トップページへ仙台藩最後のお姫さまみちのくの文学風土
みちのくの和歌、遥かなりみちのくの指導者、凛たり武将歌人、伊達政宗
 
史都に刻んだ道興准后の想い出
2006年11月25日


 
  
 道興准后(どうこうじゅんご)は、左大臣近衛房嗣の子で、京都聖護院門跡などをつとめた室町後期の高僧です。室町幕府と密接な関係をもち、延徳二年(一四九〇)には足利義視(よしみ)の病気平癒を祈願し、その翌年には参陣して十代将軍将軍義稙を加持しています。さらに明応九年(一五〇〇)には参内して後土御門天皇の玉体を加持、熊野三山ならびに新熊野検校になるなど、隠然たる力を持っていました。
 文明十八年(一四八六)六月から約一年にわたって東国を巡歴し、その後は西国・四国巡歴の途に上るなど全国の名所旧跡を巡っています。

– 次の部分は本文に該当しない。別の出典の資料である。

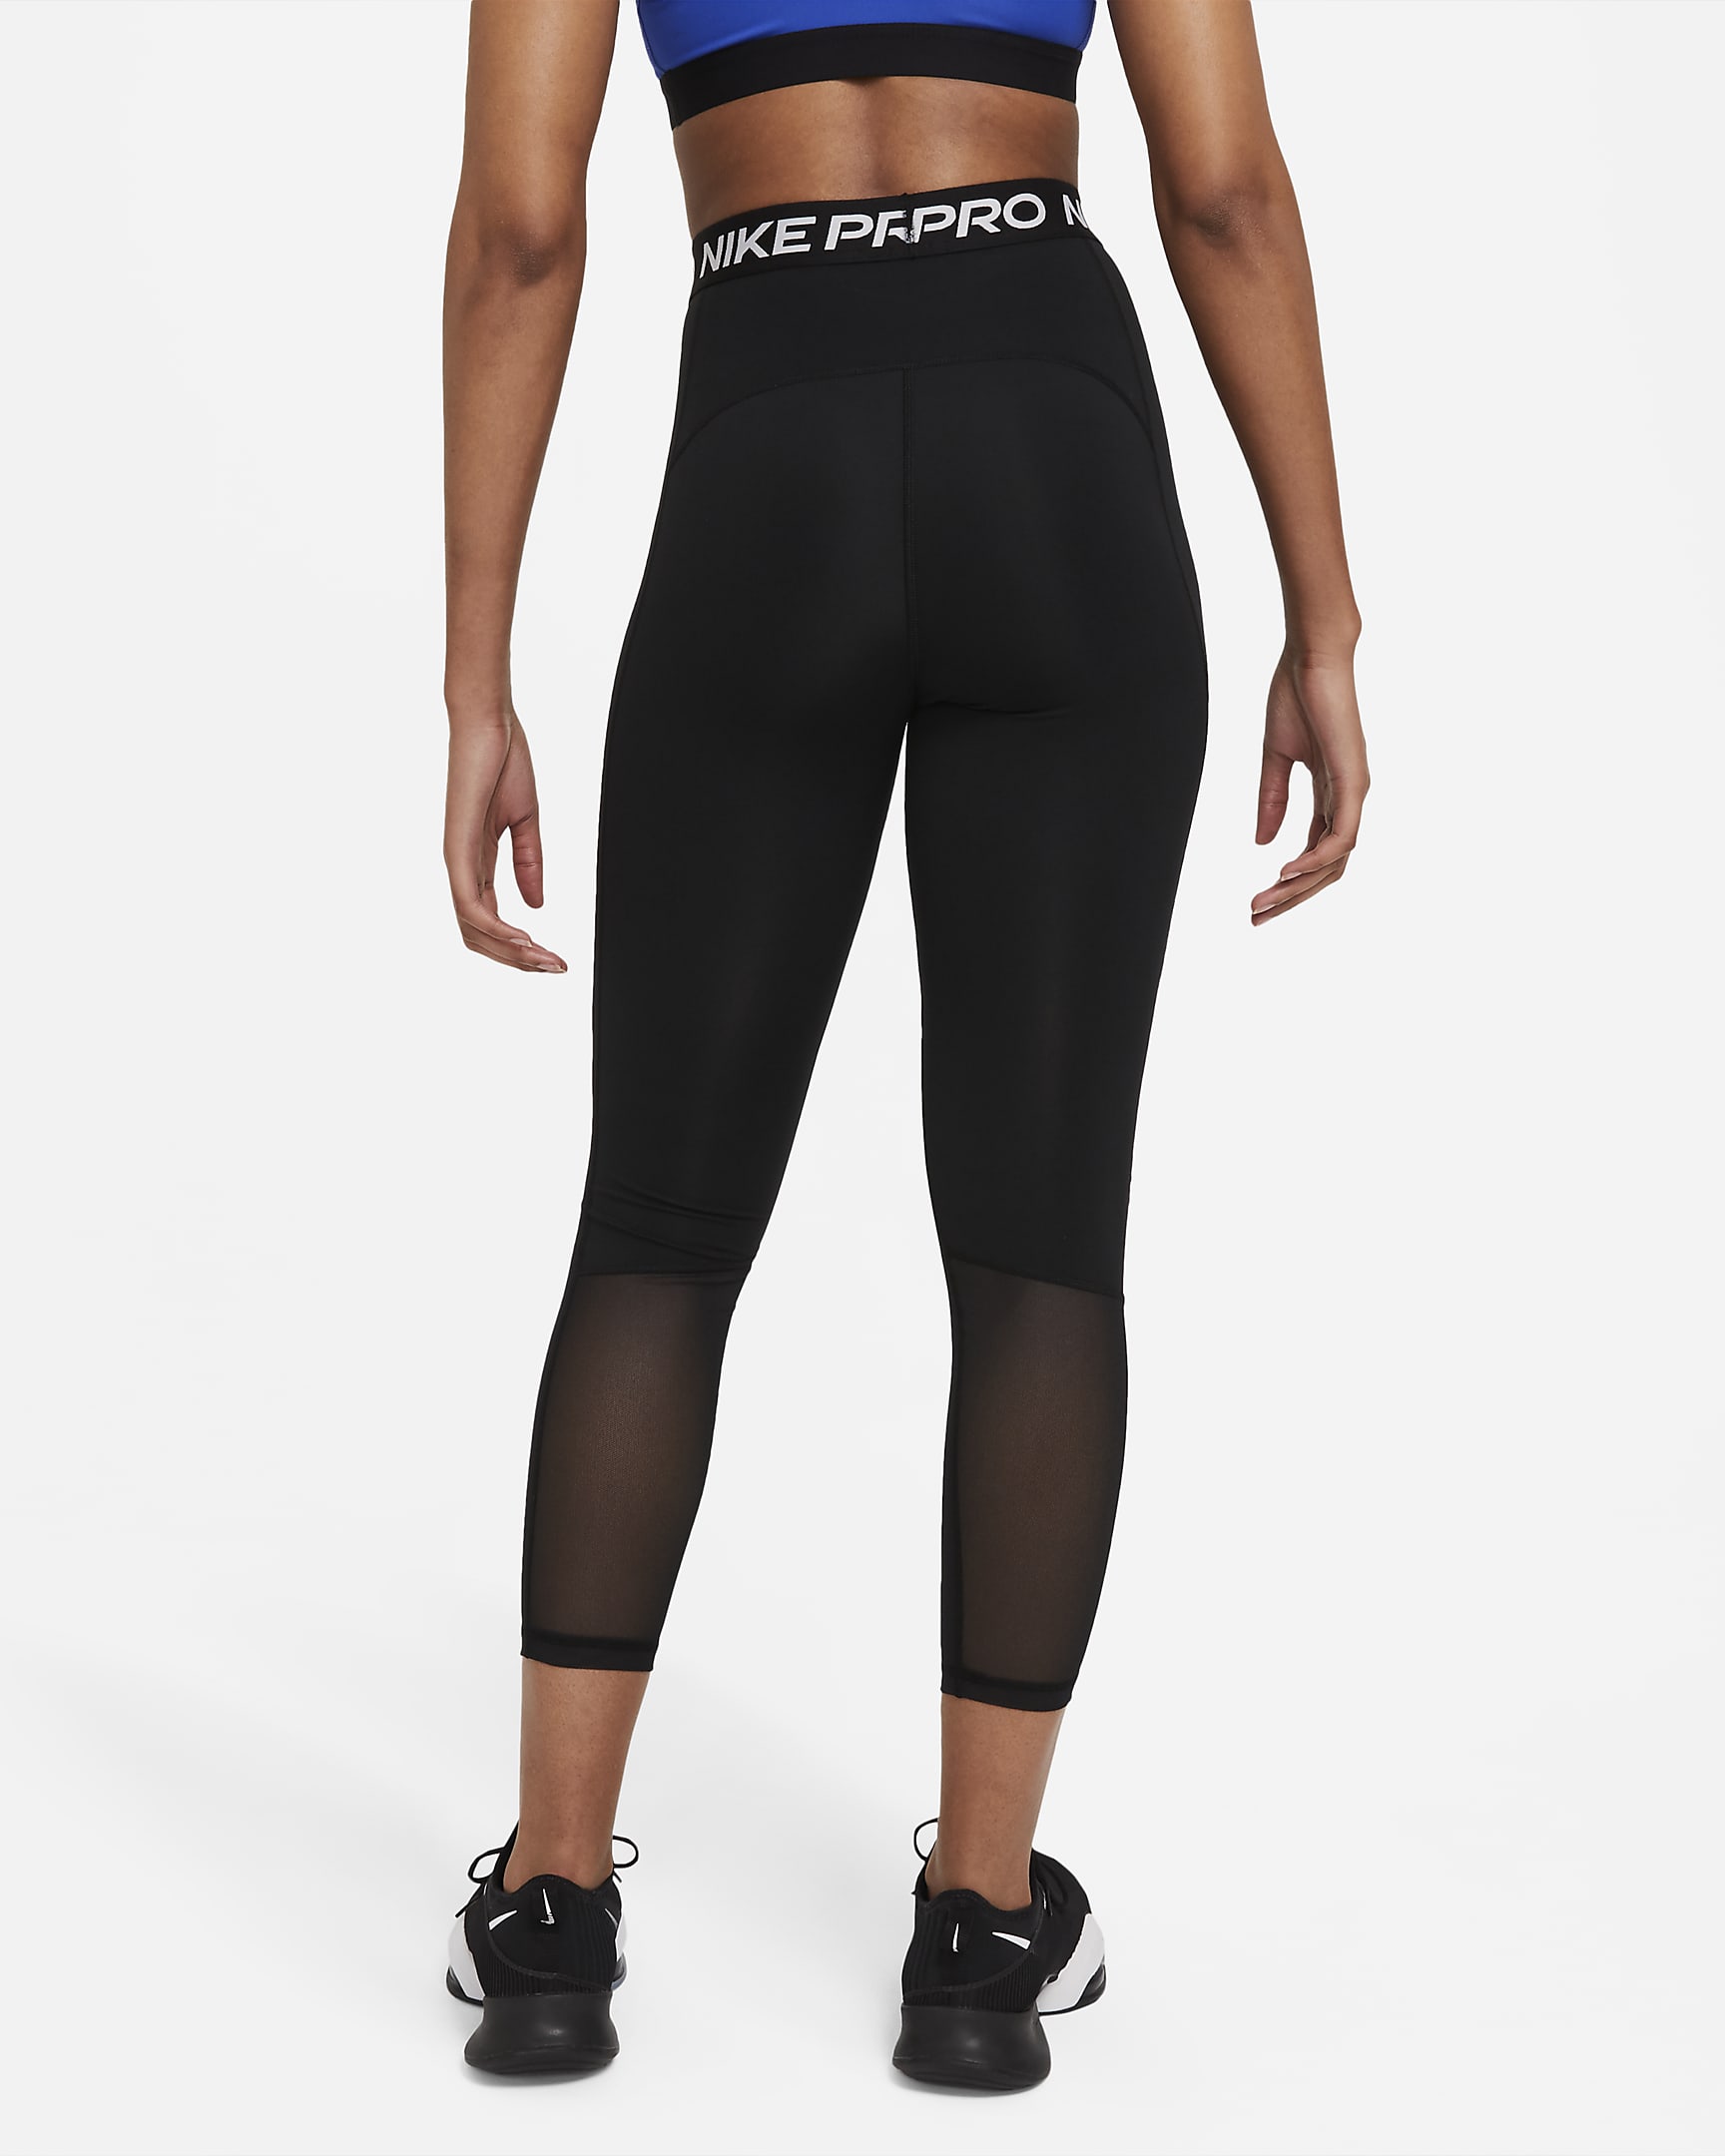 Nike Pro 365 Women's High-Waisted 7/8 Mesh Panel Leggings - Black/White

東国巡歴の旅行記およびその詩文集は『廻国雑記』一巻として塙保己一編纂の『群書類従』に収められました。
『廻国雑記』は、北陸路から関東へ入って武蔵国など各地をめぐり、駿河甲斐にも足をのばし、奥州松島までの旅を紀行文にまとめたもので、すぐれた和歌や漢詩などを多く納められています。特に、各地の地名をよみこんだ和歌は注目され、もろおか(利府町)、赤沼、西行がへり(長老坂)などの地名が見られます。

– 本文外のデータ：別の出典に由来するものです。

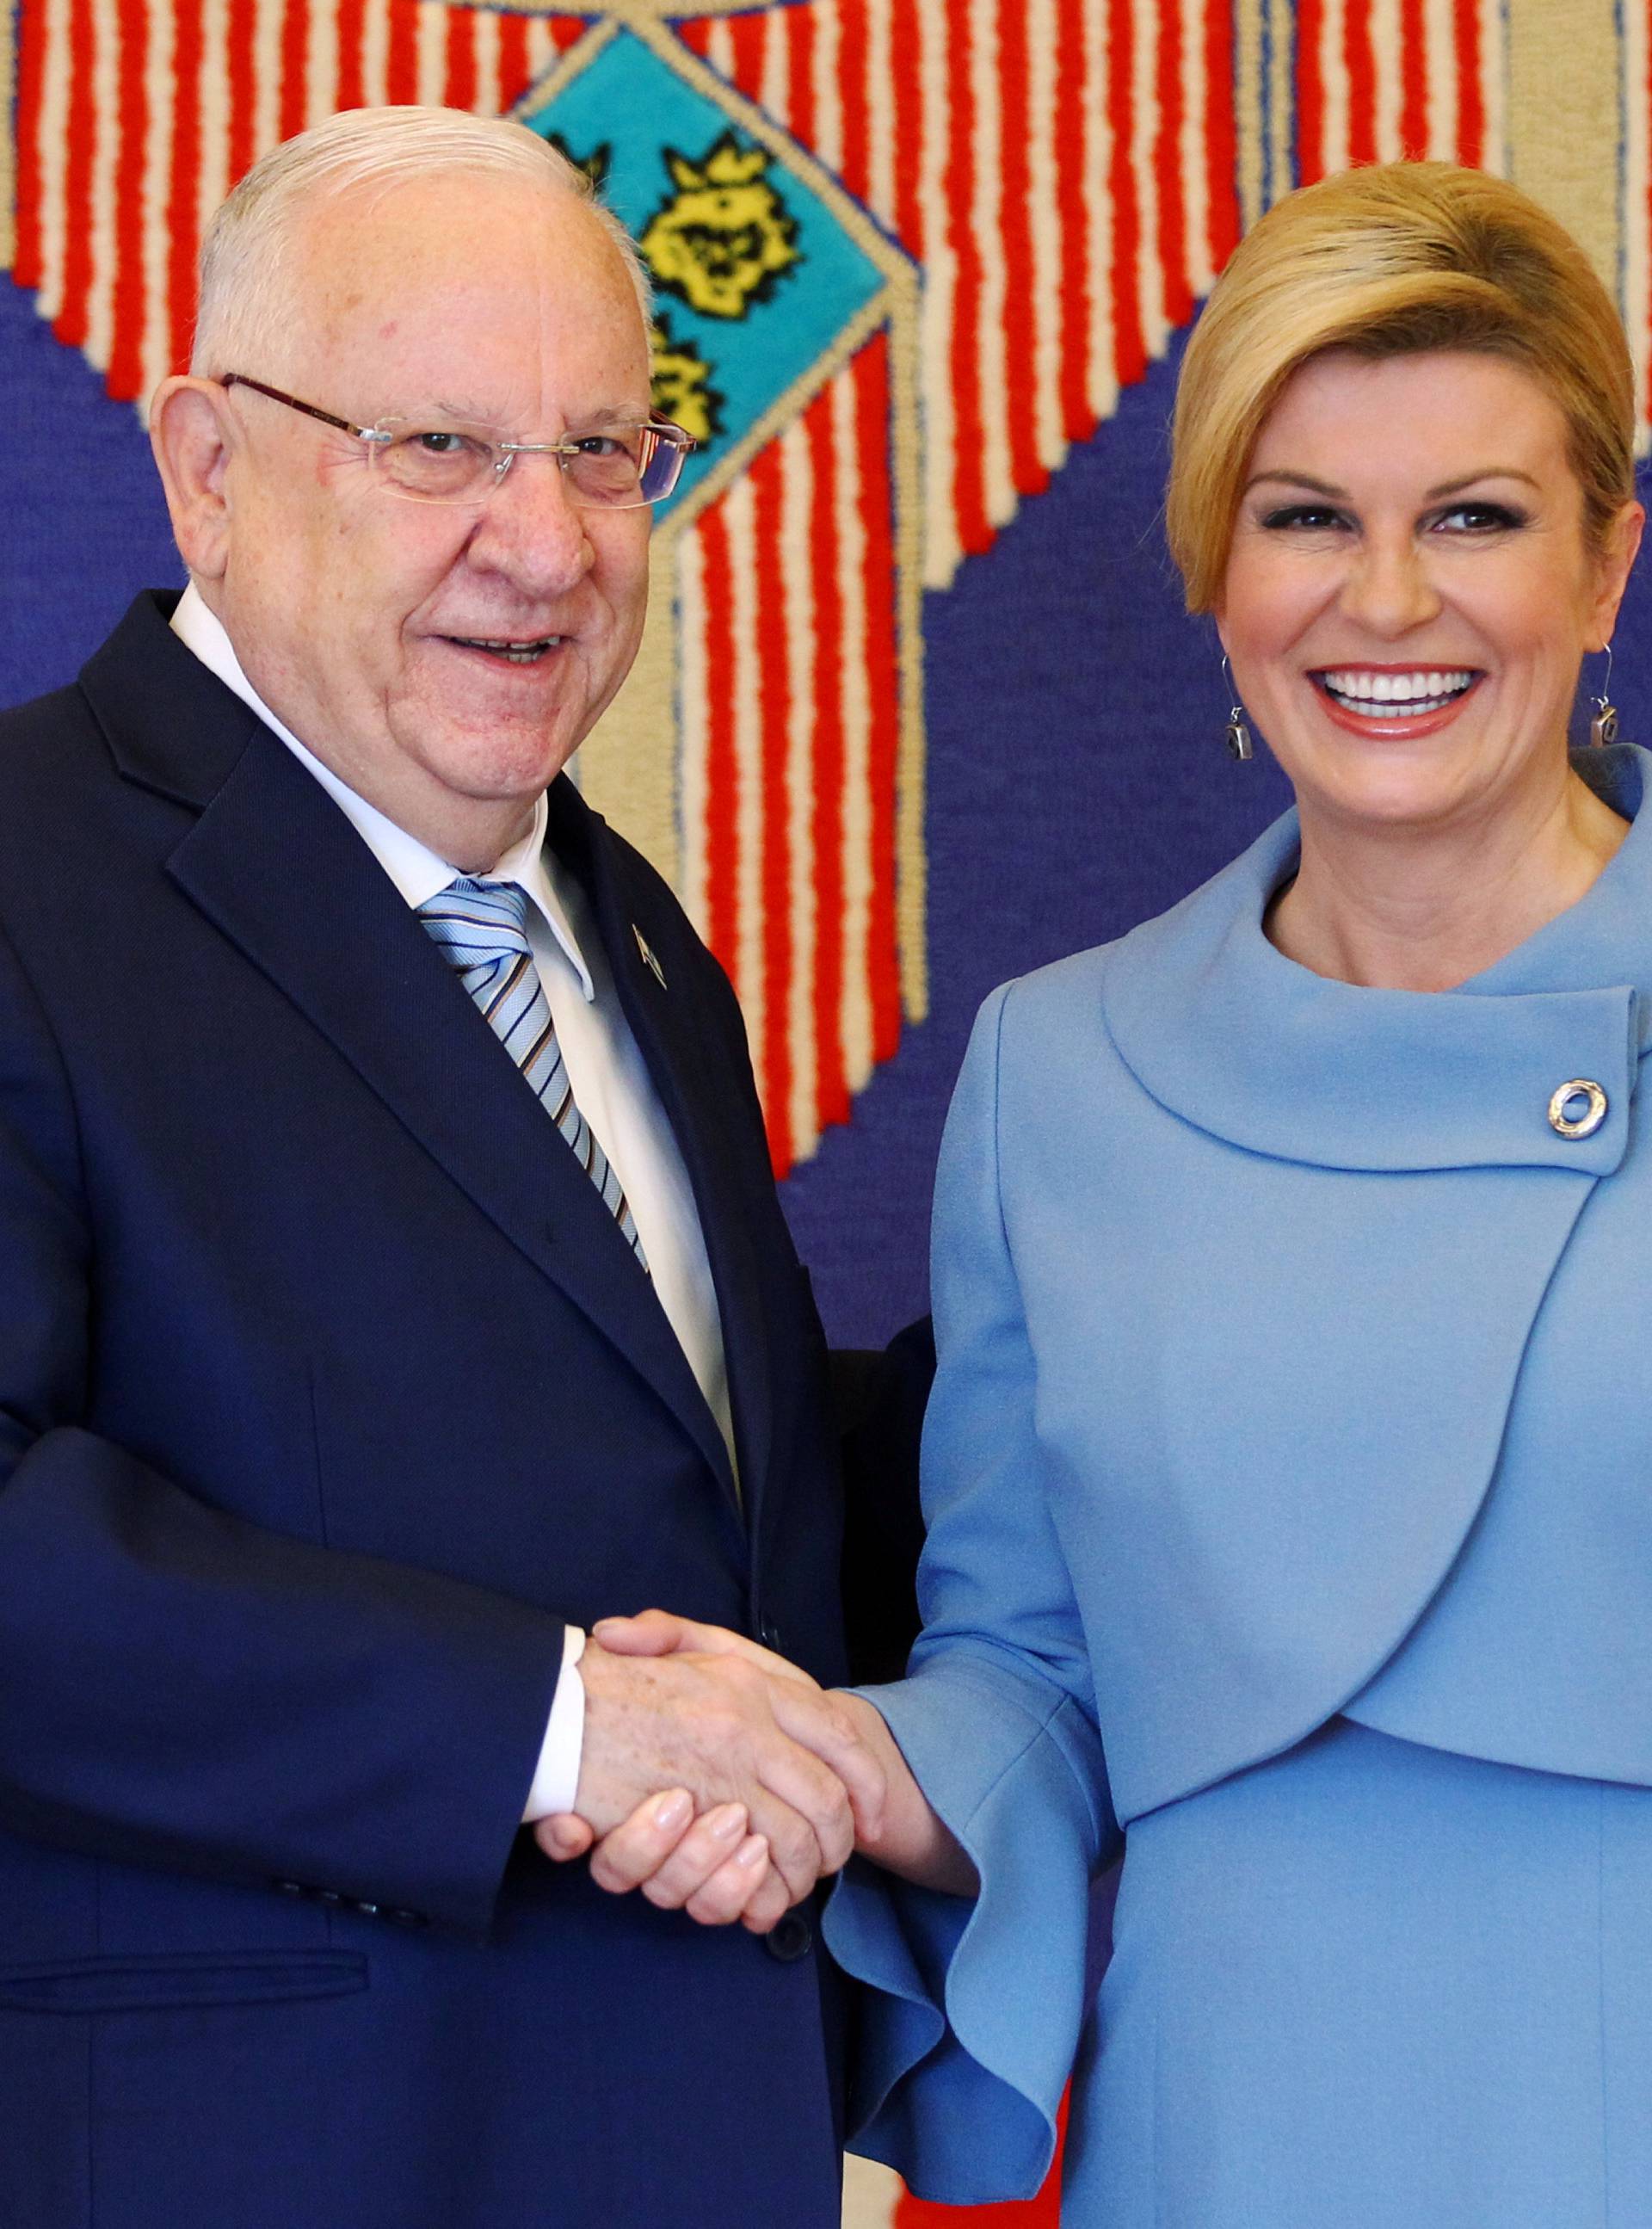 Croatia's President Kolinda Grabar-Kitarovic shakes hands with Israel's President Reuven Rivlin in Zagreb

 文明十八年六月上旬の頃、東国への旅のためしばらく留守にするため、前将軍足利義政、九代将軍義尚にお暇ごいを申しお上げ、翌日義政へ二首を献じました。
  旅衣たつよりしぼる武蔵野の
           露や涙をはじめなるらむ
 それに対し義政から返歌が贈られました。
  思ひたつ富士の煙の末までも
           へだてぬ心たぐへてぞやる
 将軍義尚からも和歌が贈られました。
  思ひやれはじめてかはす言のはの
            富士の煙にたぐふ物とは
 道興は使者を待たせとりあえず返歌を贈りました。
     富士の嶺の雪もおよばず仰ぎみる
         君がことばの花にたぐへて
 送別の宴の席で、八十五歳になる父は万感の思いを込めた和歌を道興に贈りました。
  身は老いぬまた相見むもかたければ
          今日や限りの別れなるらむ
道興は柴の庵や、別れる心細さを和歌に託しました。
  住みなれしこの山水の哀れわが
誘はれ出づる行方しらずも
 大原で皆に別れを告げ、足の向くまま各地を廻った道興は、白河の関を越え各地で和歌をとどめました。
  春は唯花にもらせよ白川の
         せきとめずとも過ぎむものかは
    ちりつもる花にせかれて浅か山
          浅くはみえぬ山のゐの水
  梓弓(あずさゆみ)矢つぎの里の桜がり
         花にひかれておくる春かな
  かくしつつ故郷人にいつかさて
        阿武隈川の逢瀬(おうせ)にはせむ
  徒(いたず)らに我も齢はたけくまの
         まつことなしに身はふりにけり
 名取では藤原実方中将に思いを馳せました。
 桜がり雨のふるごと思ひいでて
         今日しもぬらすたび衣かな
 宮城野では時雨に遭い、しばらく雨をしのぎました。
  木の下に雨宿りせむ宮城野や
           みかさと申す人しなければ
 つつじが岡では、ワラビを見ました。
  名にしおふ躑躅が岡の下蕨
        ともに折りしる春の暮れかな
 末の松山を遥かにながめながら、よくもこのような遠いところへきたものだと感慨を覚えました。いつの間にか春爛漫の季節を迎えていました。
  春ははや末の松山ほどもなく
        こゆるぞ旅の日なみなりける
  人なみに思ひ立ちにしかひあれや
        わがあらましの末の松山
 奥の細道、松本、もろをか、あかぬま、西行がへりなどいふところを通り過ぎ、松島へ到着しました。松島の美しさは言葉に尽くせません。風情があり、かねて聞き及んでいたとおりの素晴らしい眺めです。
  この浦のみるめにあかで松島や
            惜まぬ人もなき名残かな
 籬島(まがきじま)を見渡せは、藤、つつじなどが咲き競っており、さらに美しい風情を添えていました。
  まがきじまたがゆひそめし岩つつじ
            巌にかかる磯の藤波
 これから塩竈の浦へわたるため舟に乗りました。
    松島や松のうはかぜ吹きくれて
          今日の舟路はちかの塩竈
 平泉ではありし日の藤原氏全盛と滅亡に、諸行無常の理(ことわり)に思いを馳せ家路を急ぎました。